Шаров мял в руках шапку.
— Пиши, — сказал угрюмо, — за сына Алексея центнер пшеницы, за брата Василия центнер ржи, за племяша Ивана центнер овса… Как они в армии, за них и вношу.
— Сколько же всего?
— Сосчитай, не трудно.
— А за себя?
Шаров удивился:
— Ведь я сказал! Или нет? Значит подумал только.
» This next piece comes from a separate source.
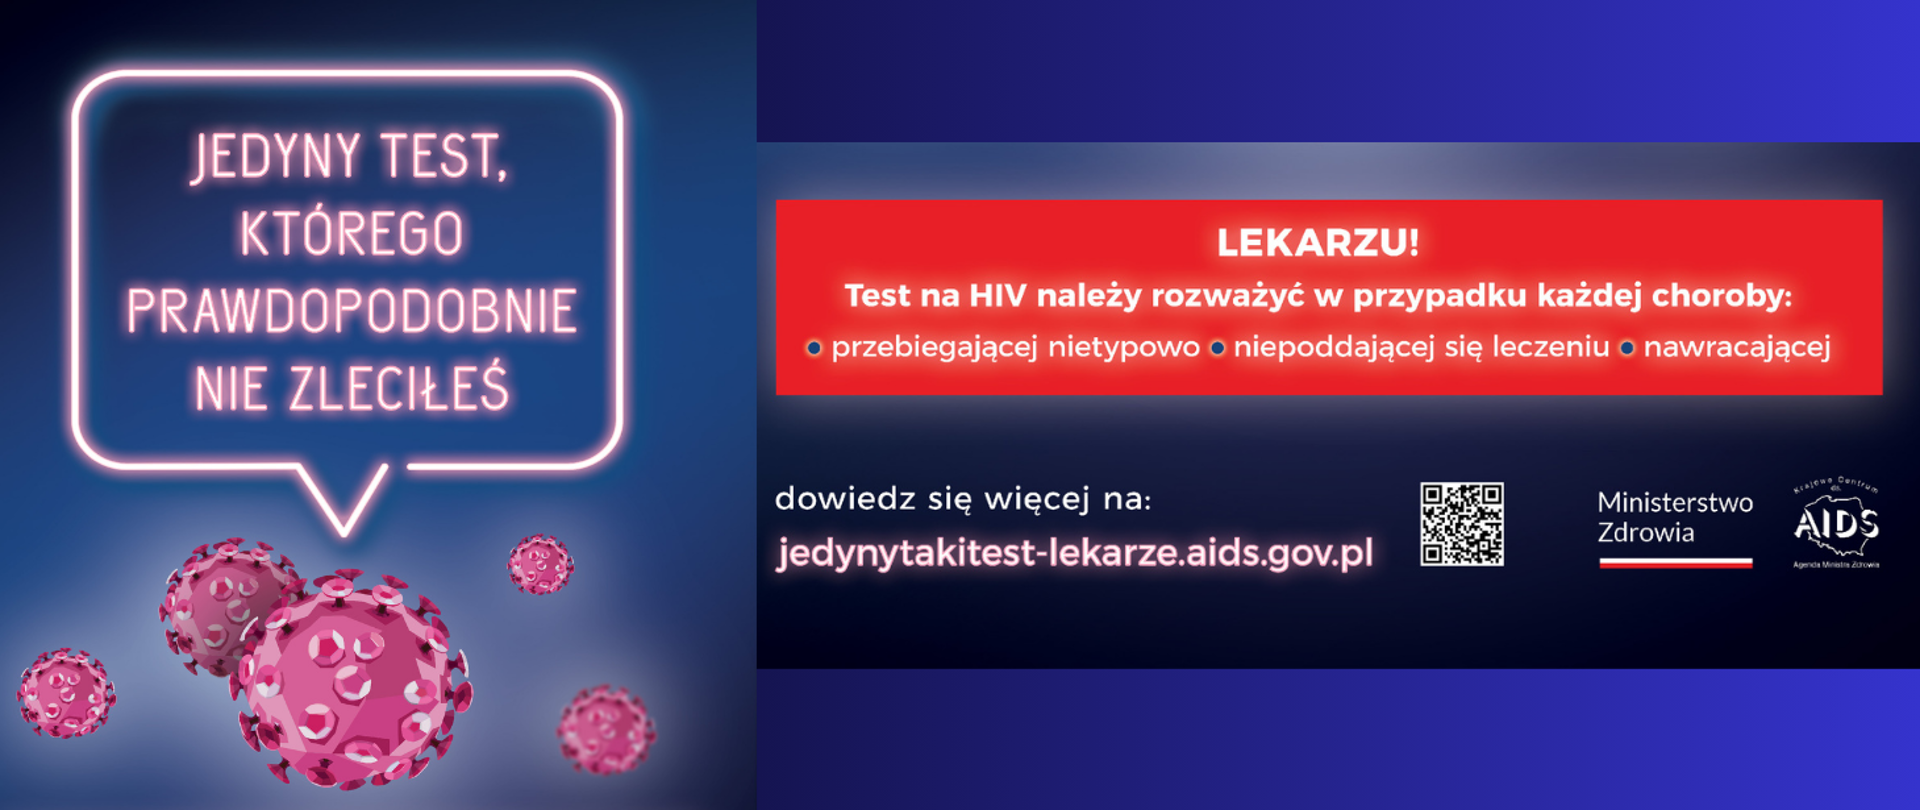 „Jedyny test, którego prawdopodobnie nie zleciłeś” LEKARZU. Test na HIV należy rozważyć w przypadku każdej choroby: przebiegającej nietypowo, niepoddającej się leczeniu, nawracającej. Dowiedz się więcej na: https://jedynytakitest-lekarze.aids.gov.pl/

За себя три центнера пшеницы.
— Коротко и ясно, — одобрил агроном.
— Молодец! — похвалила Маслова.
Шаров сел на место, вытер шею и лицо клетчатым платком, потом, вспомнив что-то, вновь поднялся.
— Про бабу забыл. Боровка отдает. Сытый боровок.
Сказал, словно гору с плеч свалил. Опустился на парту, вынул кисет, не спеша свернул самокрутку и зачадил. И сидел, ссутулясь, молча до конца собрания, ко всему безучастный, равнодушный, всем своим видом показывая, что он свое дело выполнил, а остальные его мало интересуют.
— Еще кто выступит? — спросил Червяков и мельком взглянул на Маслову.
— Позволь мне, — попросила она слова.
Еще дома ткачиха долго придумывала — что внести в фонд армии. С Ксашей советовалась и, наконец, обе решили: отдать самую ценную и дорогую вещь, что удалось сохранить.
— От сыновей получила, им и отдам.
— Конечно, — одобрила Ксаша.
Анна Степановна подошла к столу, окинула всех взглядом и снова, как тогда на совещании в молочной, ее охватила теплая волна материнской ласки и любви. Три месяца живет она среди этих людей и знает — большие тяготы, великие муки и страдания терпеливо и стойко переносят они, чтобы только одержать победу над лютым врагом. Вот на передней парте сидит Катерина — тихая, скромная женщина, чудесная труженица и хозяйка. День-деньской она на ферме — о кормах хлопочет для коров, о телятнике, об удойницах, о чистых фартуках, а вернется домой — вся в заботах о детишках. Рядом с ней — сумрачная, молчаливая, похожая на монашку, Варвара Скудина — колхозный конюх. Проводила еще летом мужа на фронт и заняла его место: конюшит. Вон Соня Пряхина, Ксаше ровесница, совсем еще молодая; доверил ей колхоз все свои кладовые. «Аккуратная девушка, — отзывался о ней Червяков, — чтоб, скажем, мешок дать и забыть — ни-ни»…Вон Петр Петрович Перепелица — беженец из жизни, странник на этой земле. Сидит согнувшись, о судьбе, поди, своей размышляет. За ним Иосиф Казакевич загородил собой всех остальных. Далеко на юге еще осенью погибла его семья. Пыталась как-то Маслова расспросить его, он болезненно поморщился, ответил: «Как-нибудь после расскажу». У каждого своя жизнь, свои печали…
— У меня на фронте пятеро, — начала Анна Степановна, — шестеро было, одного уж нет в живых. И если Шаров за сына да за брата воз хлеба внес, сколько же мне вносить за пятерых! Хлеба у меня нет, но сохранила я вещь одну…
Она расстегнула на груди вязаную теплую кофточку, достала из внутреннего кармана небольшой сверток в белой чистой тряпочке; разорвав зубами эту тряпочку, вынула сверточек поменьше, в тонкой папиросной бумаге. И осторожно развернула его.